INSTITUTIONAL FRAGMENTATION ACROSS SAFEGUARDING AGENCIES
Structural Risk, Procedural Discontinuity, and the Future of Multi-Agency Safeguarding Reform
SAFECHAIN™ Research Repository
Author: Samantha Avril-Andreassen FRSA
Research Division: SAFECHAIN™ Policy & Innovation Initiative
Publication Year: 2026
Executive Summary
Safeguarding within the United Kingdom is delivered through a complex ecosystem of public authorities, regulatory bodies, healthcare providers, law enforcement agencies, local authorities, housing providers, educational institutions, courts, and specialist support services.
Each institution performs a distinct safeguarding function and operates under its own statutory duties, governance structures, professional standards, and operational priorities.
Yet safeguarding outcomes rarely depend upon the effectiveness of any single agency.
Rather, they depend upon the ability of institutions to recognise risk collectively, share relevant information lawfully, maintain continuity of understanding, and coordinate interventions across organisational boundaries.
This paper argues that one of the most significant yet under-examined safeguarding risks within modern public administration is institutional fragmentation.
Institutional fragmentation occurs when multiple agencies possess pieces of safeguarding information but no agency possesses the complete picture. Information becomes dispersed across systems, risk assessments become compartmentalised, accountability becomes diluted, and individuals experiencing harm may be required to repeatedly navigate disconnected institutional pathways.
The consequences are particularly significant in cases involving domestic abuse, coercive control, economic abuse, child protection concerns, mental health vulnerabilities, homelessness, exploitation, and complex safeguarding needs.
This paper examines the causes, consequences, and governance implications of institutional fragmentation and proposes structural reforms capable of strengthening safeguarding continuity, procedural integrity, and institutional accountability.
Introduction
Modern safeguarding is fundamentally multi-agency in nature.
A single vulnerable individual may simultaneously interact with:
police services;
healthcare providers;
social care services;
local authorities;
housing providers;
schools;
family courts;
criminal courts;
regulatory bodies;
specialist domestic abuse services;
financial institutions.
Each organisation may hold information relevant to safeguarding.
However, the existence of information alone does not guarantee protection.
Protection depends upon the ability of institutions to identify patterns of risk across organisational boundaries.
This remains one of the greatest operational challenges facing contemporary safeguarding systems.
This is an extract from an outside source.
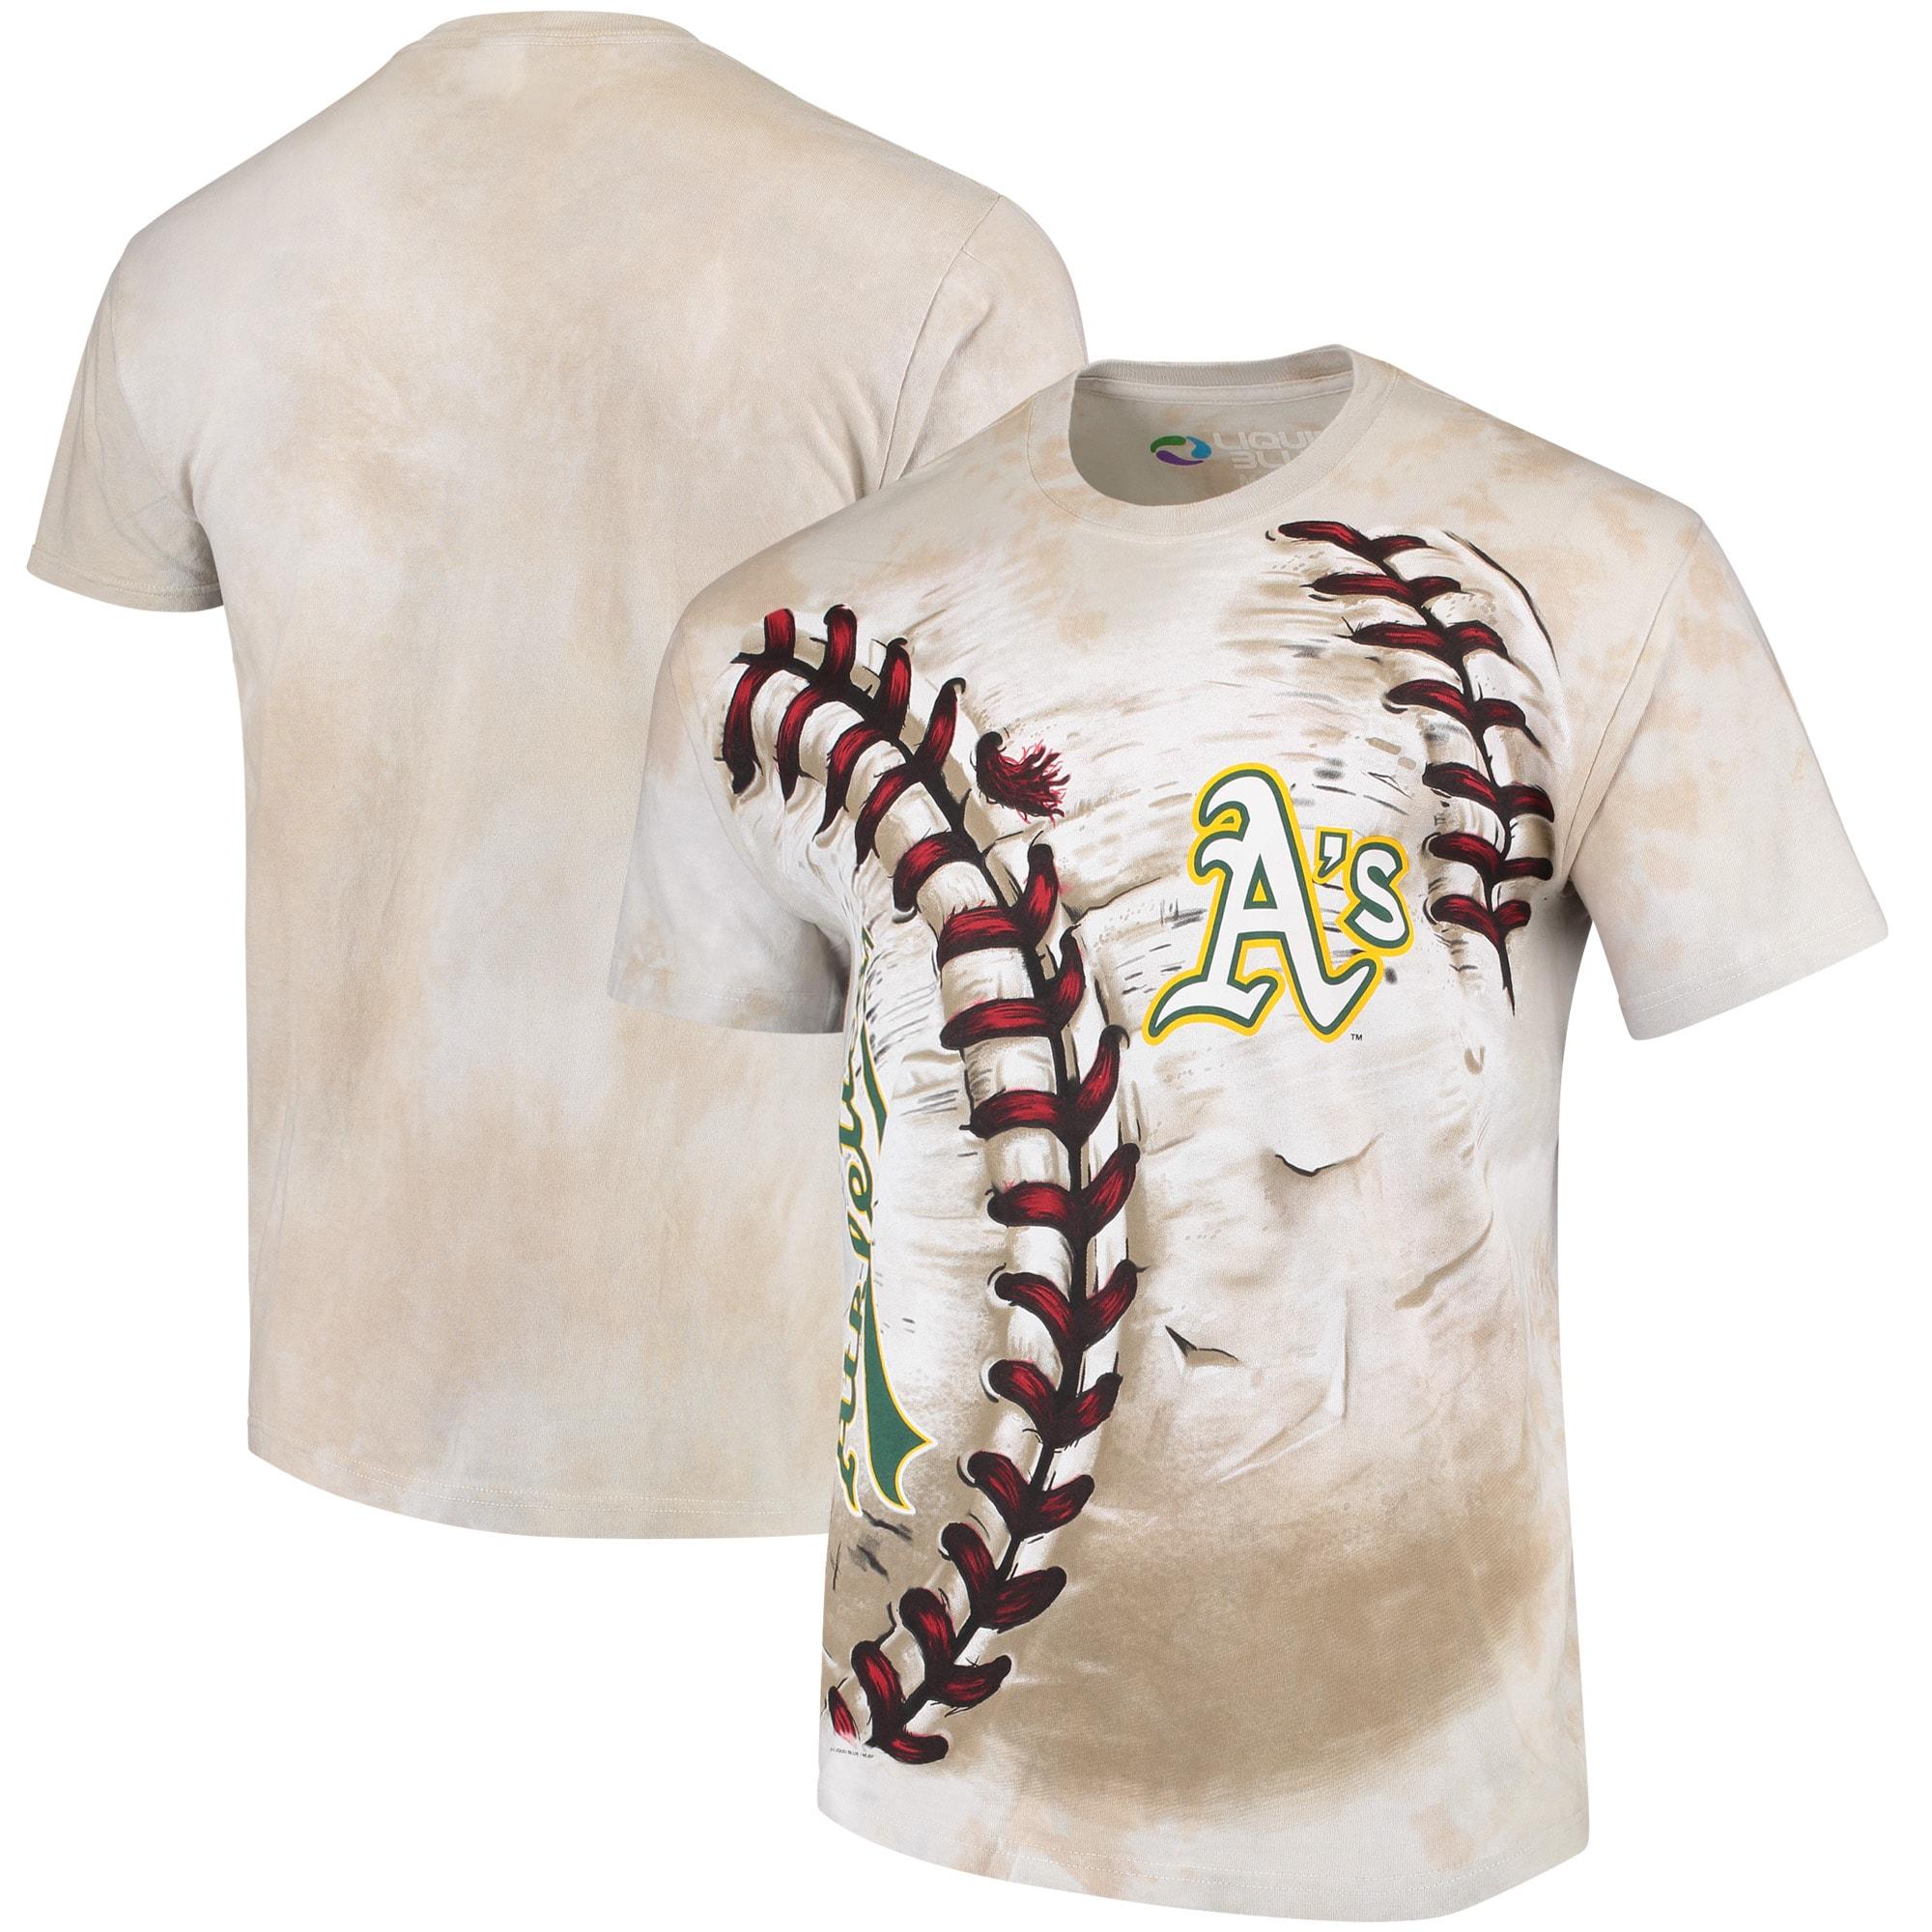 Oakland Athletics Hardball Tie-Dye T- Shirt - Cream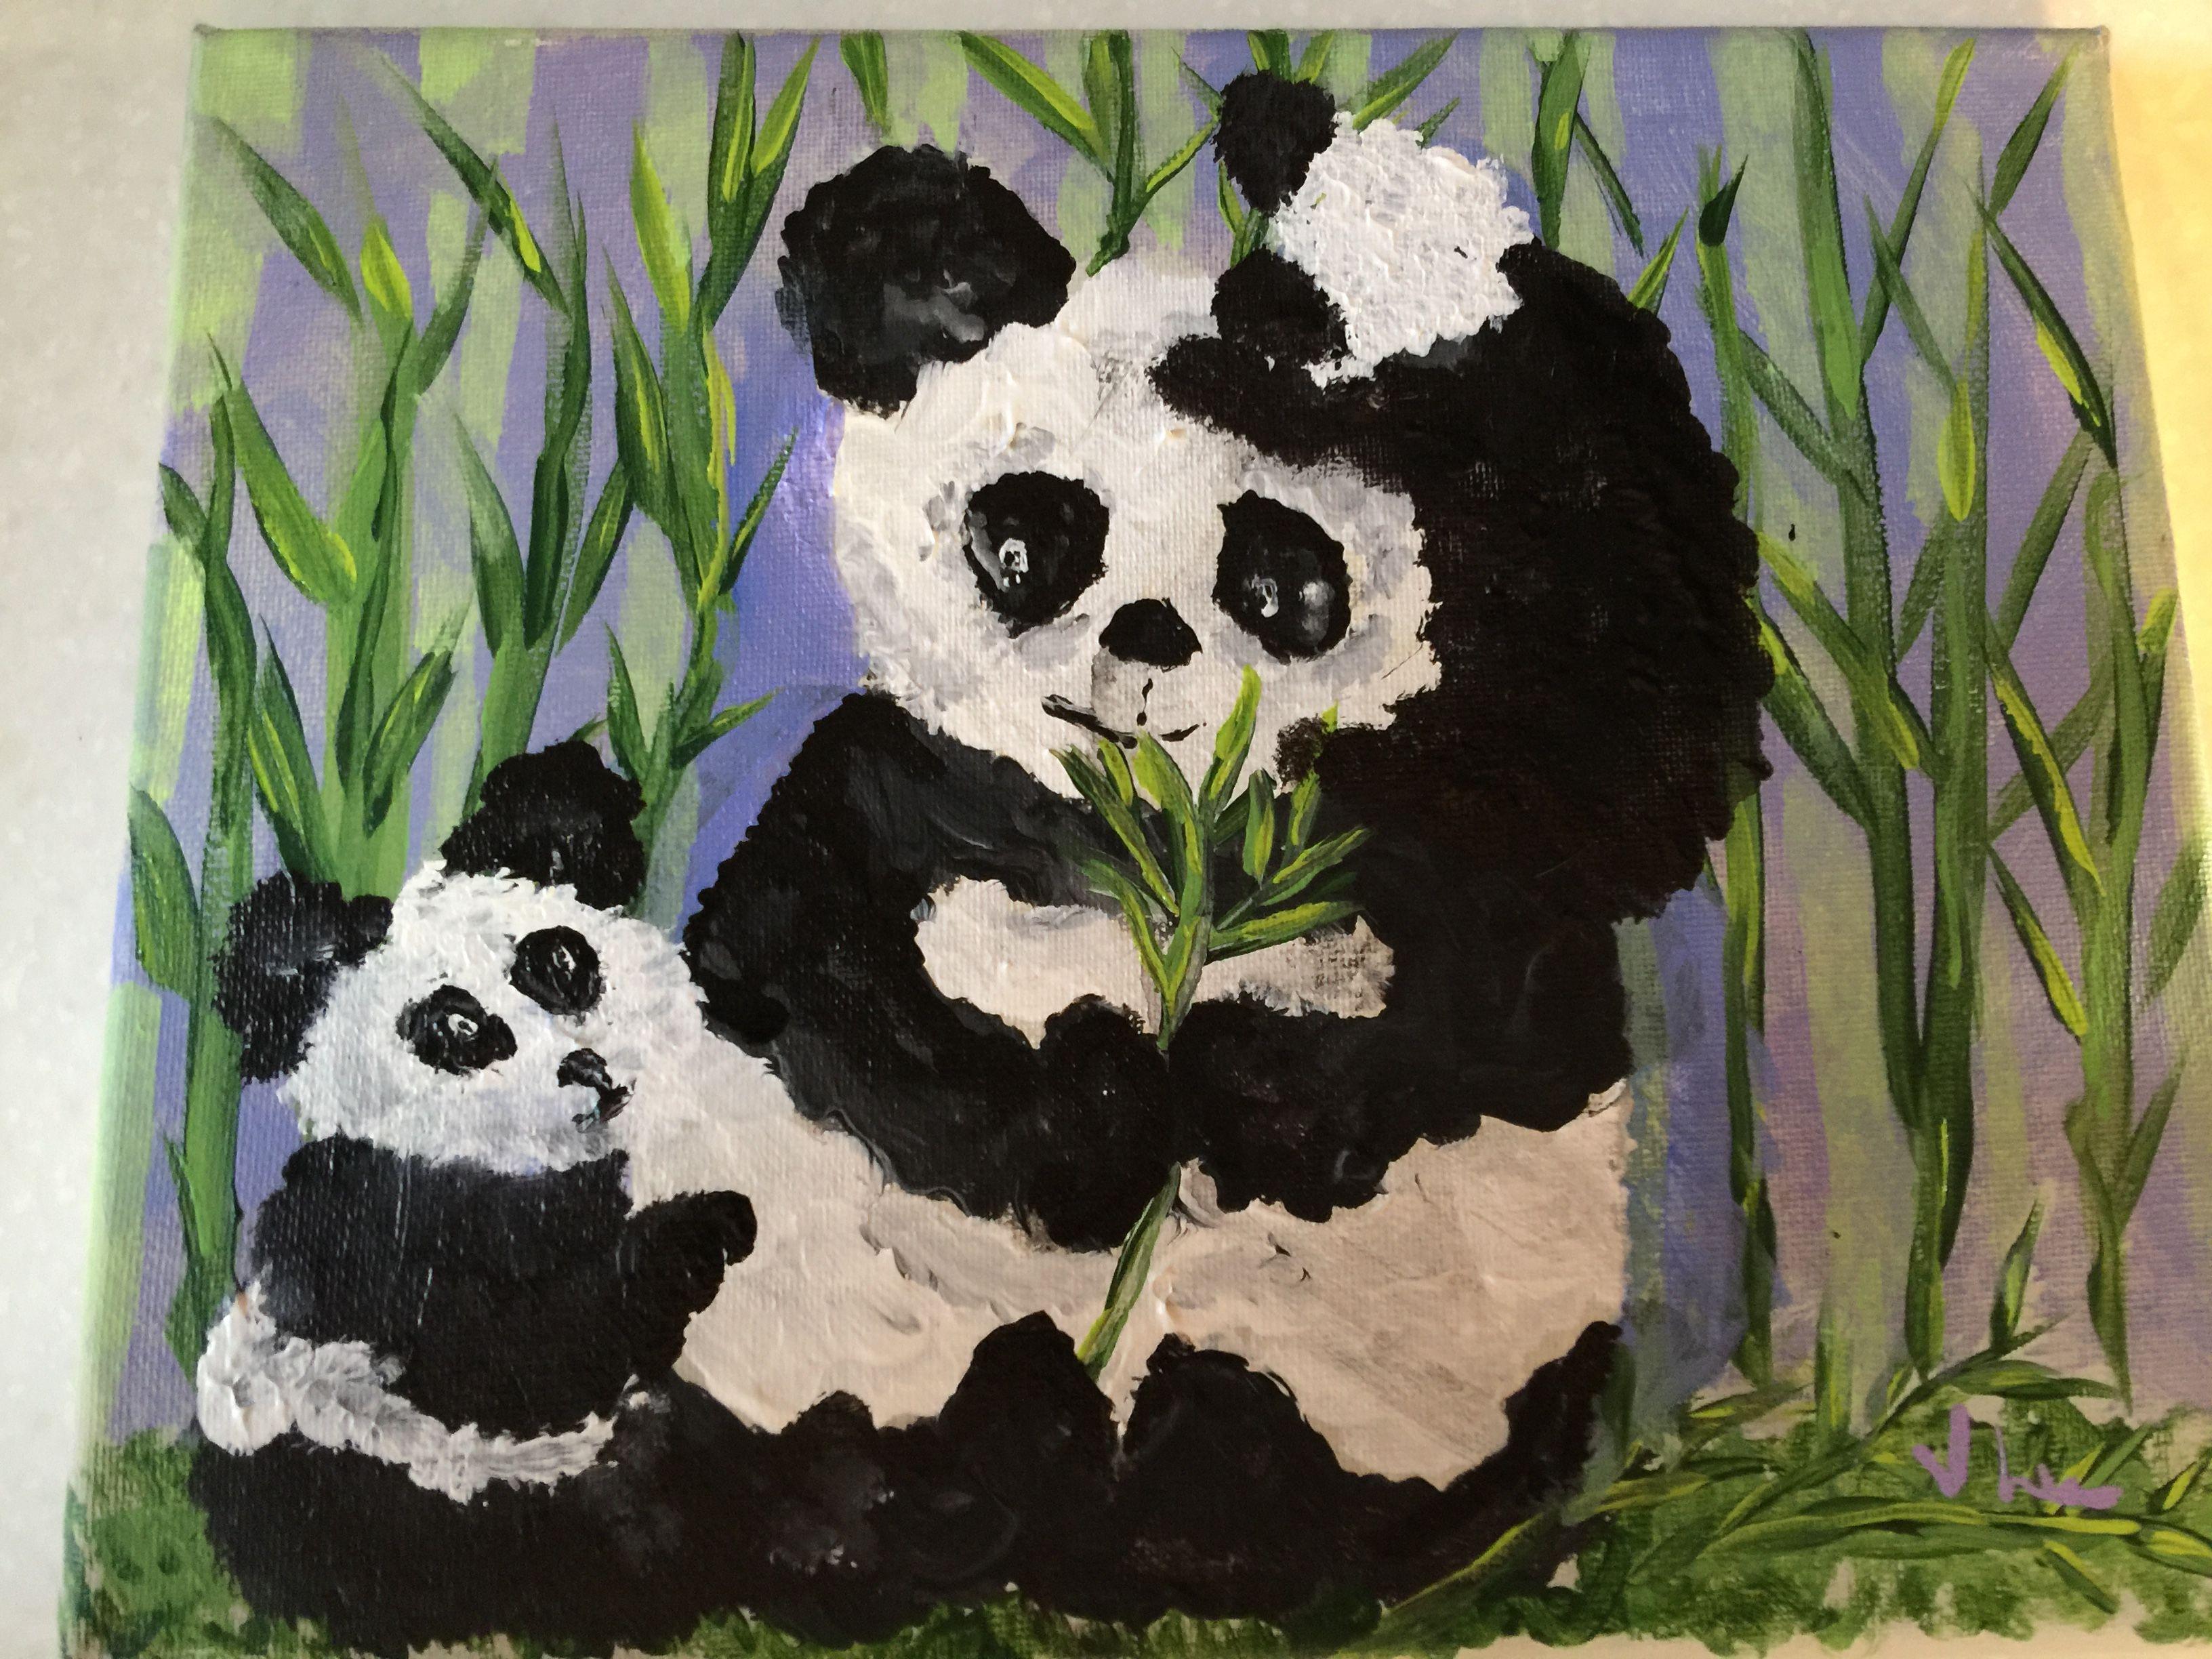 Mama panda and her babies

While substantial legislative and policy development has occurred over recent decades, many safeguarding failures continue to reveal the same recurring problem:
critical information exists within the system but fails to operate as a coherent safeguarding picture.
Understanding Institutional Fragmentation
Institutional fragmentation refers to the division of safeguarding responsibilities across multiple organisations without sufficient mechanisms for continuity, coordination, accountability, and integrated risk recognition.
Fragmentation does not necessarily indicate professional negligence or individual misconduct.
Rather, it reflects structural conditions that inhibit effective safeguarding coordination.
These conditions often arise when institutions:
operate within separate information environments;
apply differing risk assessment methodologies;
maintain inconsistent documentation standards;
lack common safeguarding language;
possess differing statutory priorities;
have no mechanism for preserving safeguarding continuity.
The result is a system in which safeguarding responsibility is distributed, yet safeguarding accountability becomes increasingly difficult to locate.
The Fragmentation Problem in Domestic Abuse Cases
Domestic abuse provides one of the clearest examples of fragmentation risk.
A victim-survivor may engage with numerous agencies over a period of years.
Police may record incidents.
Healthcare professionals may identify trauma-related symptoms.
Housing providers may observe tenancy instability.
Schools may identify behavioural changes in children.
Social services may assess family welfare concerns.
Courts may consider disputes relating to finances, children, occupation, or protection orders.
Each agency may identify indicators of harm.
Yet no institution may possess a complete understanding of the cumulative pattern.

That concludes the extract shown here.